Последнее свидание с Николаем Алексеевичем состоялось в апреле 1956 года. Ко мне в гости приехал В.М.Марков с женой. После скромного возлияния Владимир спросил меня о Заболоцком. Я рассказал, что знал. Потом мы решили позвонить к Заболоцким и напросились в гости. Поехали вчетвером с женами. Попали на территорию писательского городка не через те ворота, в которые я проходил в прошлый раз. Мы запутались и еле нашли нужный коттедж. Николай, по-видимому, увидел наши блуждания по двору, вышел улыбаясь на крыльцо и закричал нам: "Что ж вы потерялись? А еще старшеклассники!". У Екатерины Васильевны был тромбофлебит, и она лежала на диване в той же комнате, в которой я был в прошлый раз. Опять было угощенье с сухими винами и более крепкими напитками в роде коньяка. Разговор был общим. Я передал Николаю десятка два моих стихов, напечатанных на машинке.

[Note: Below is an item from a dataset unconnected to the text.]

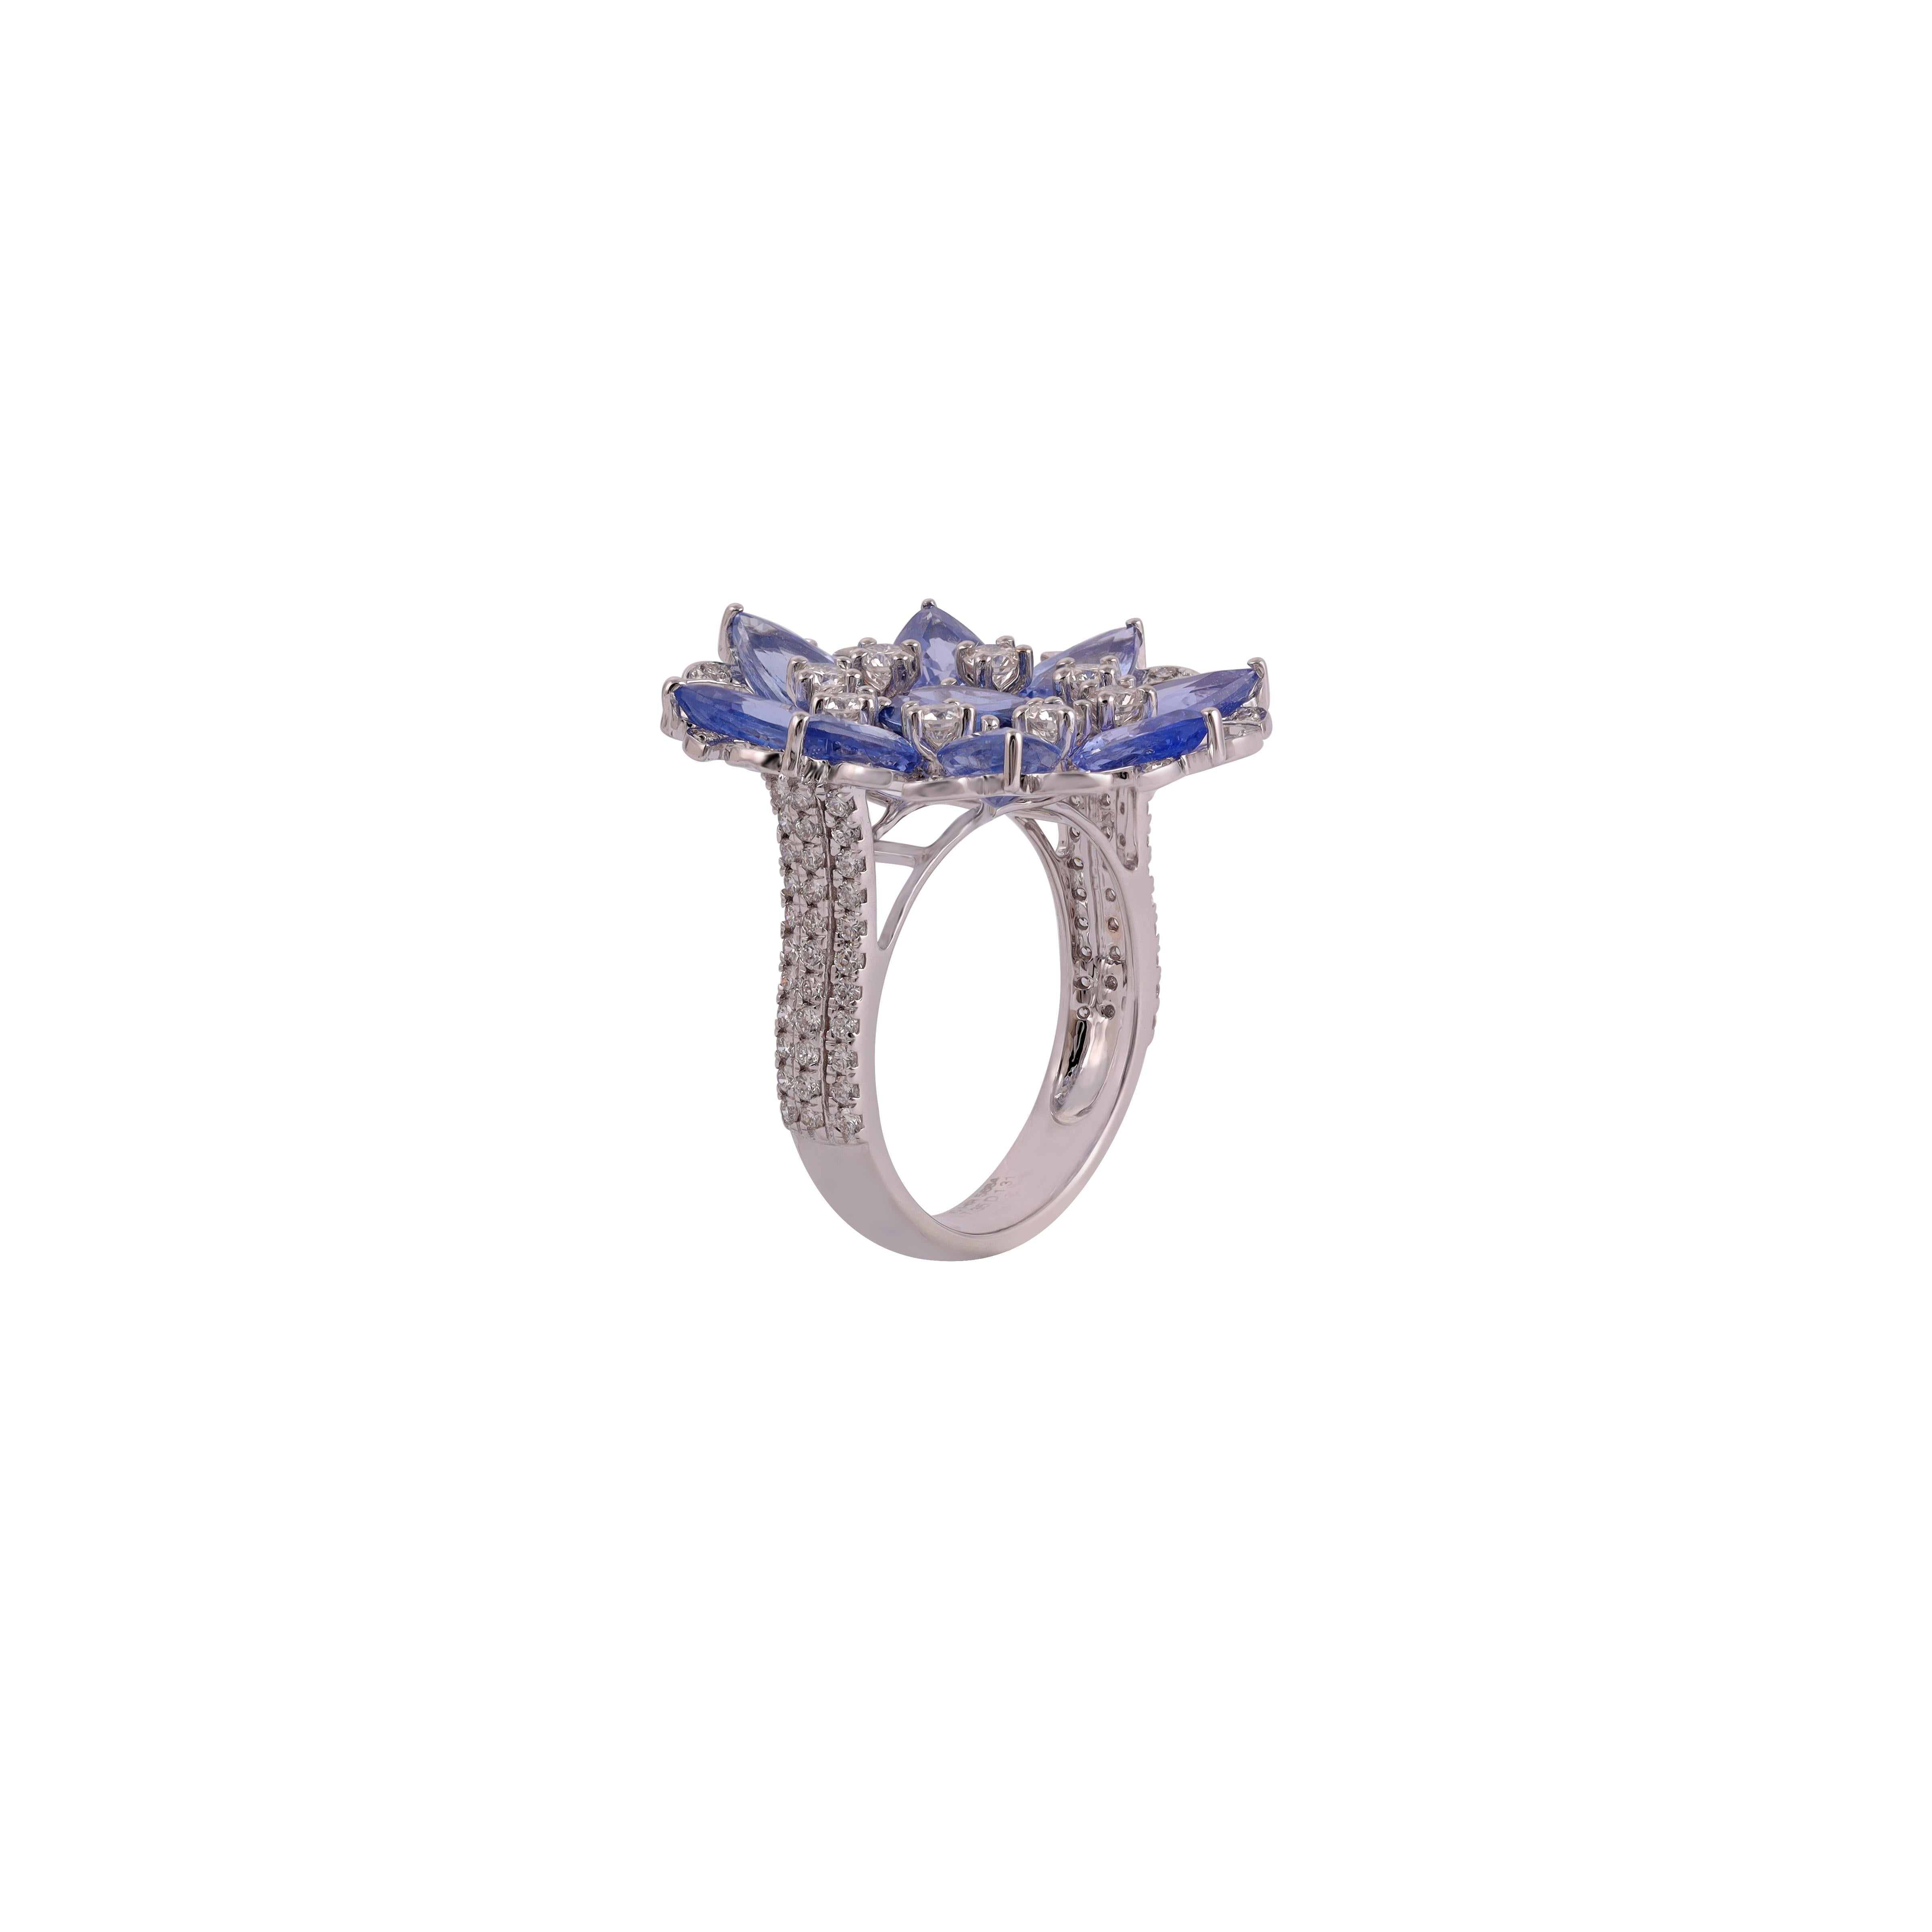 Flower Design Sapphire Ring Studded with Diamond in 18k White Gold In New Condition For Sale In Jaipur, Rajasthan

Екатерина Васильевна сказала: "Давайте почитаем". Но Николай запротестовал: "Нет, сейчас читать нельзя". Подтекстом тут было, что стихи - это святыня и нельзя их читать за пиршественным столом.
В октябре 1958 года я ушиб колено. Нога распухла, и мне пришлось отлеживаться дома. Утром принесли "Литературную газету", в которой я прочел горестную весть о кончине Николая. Хромая вышел из дома и добрался до улицы Воровского. Гроб с телом стоял на эстраде. Я посидел внизу, посмотрел на мертвого друга моей юности. Екатерина Васильевна с Наташей сидели у гроба. Никита подходил к ним, сидел около и снова отходил. Я ни к кому не подошел. Утешать в горестях я не умею. Печальный и тоскующий я отправился домой.
На следующий год мы с Николаем Георгиевичем Сбоевым нашли на Новодевичьем кладбище могилу Николая Заболоцкого и земно ей поклонились. В том же 1959 году я, по просьбе Екатерина Васильевны Заболоцкой, написал все, что вспомнил о юности Николая. Записки о Николае целиком вошли во вторую и третью главы этих воспоминаний.